## Recorded information
[Start of Attachment]
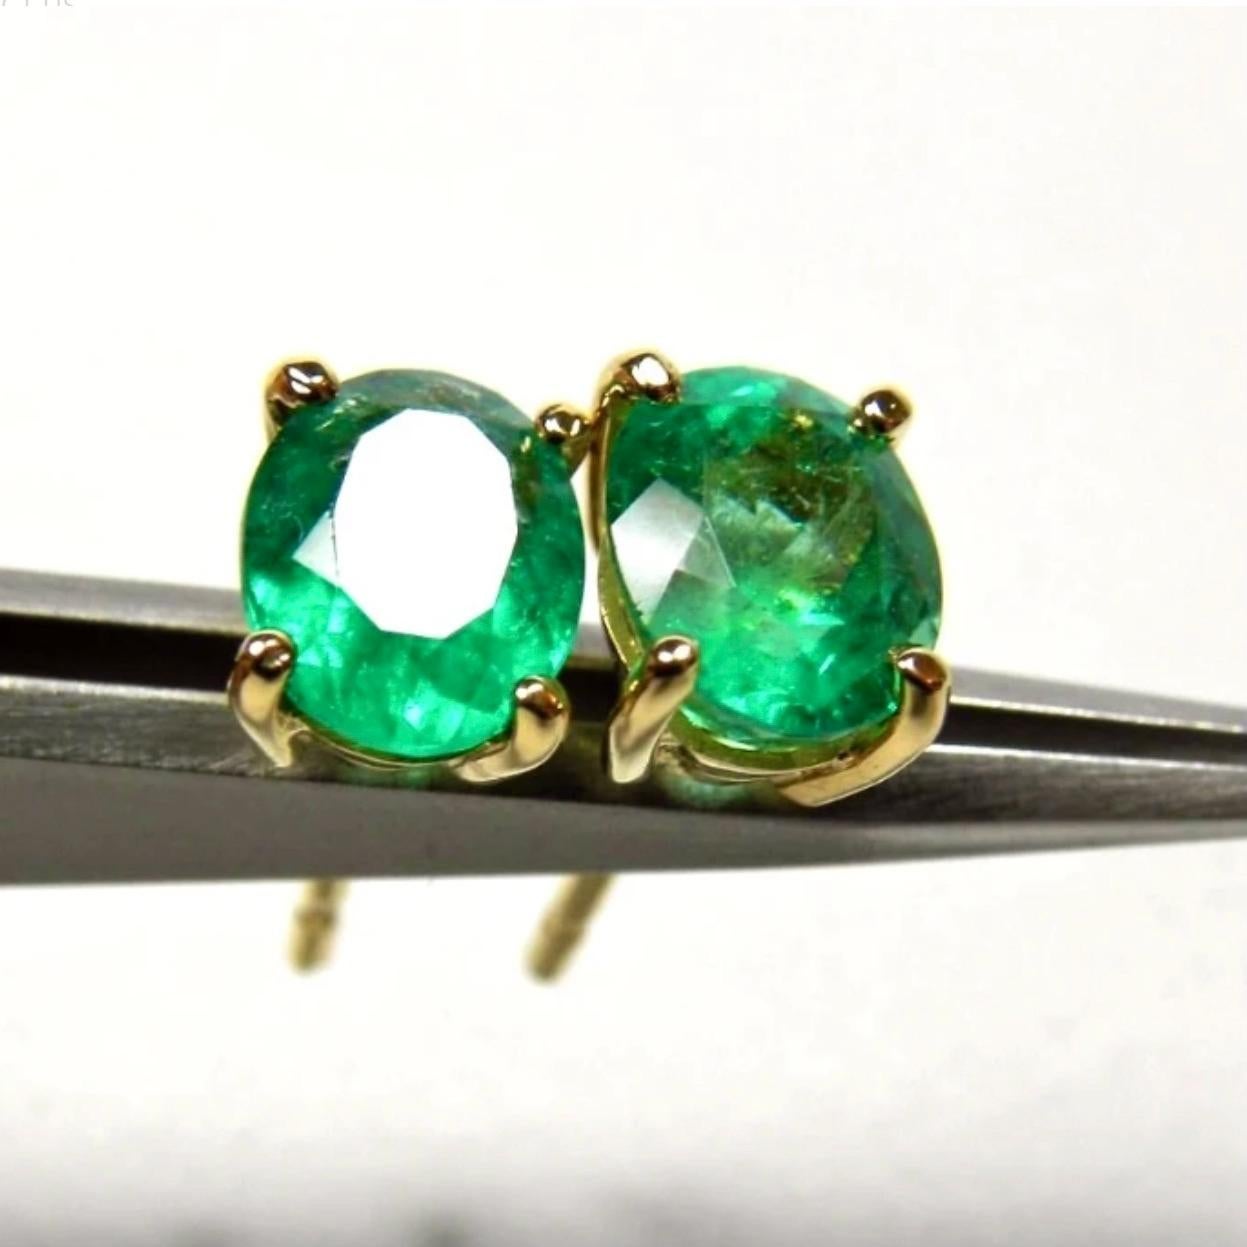 These stunning Colombian emerald Stud earrings have been crafted in 18K yellow gold.
Shape or Cut Emeralds: Oval Cut
Average Color/Clarity : Beautiful Medium Green/ Clarity, VS
Total Weight Emeralds: Approx. 1.50Carats (2 emeralds)
Total Gemstones
[End of Attachment]
## What is needed
What is needed is an exact printout of every record above, with the pictures left out.

## Answer below
 These stunning Colombian emerald Stud earrings have been crafted in 18K yellow gold.
Shape or Cut Emeralds: Oval Cut
Average Color/Clarity : Beautiful Medium Green/ Clarity, VS
Total Weight Emeralds: Approx. 1.50Carats (2 emeralds)
Total Gemstones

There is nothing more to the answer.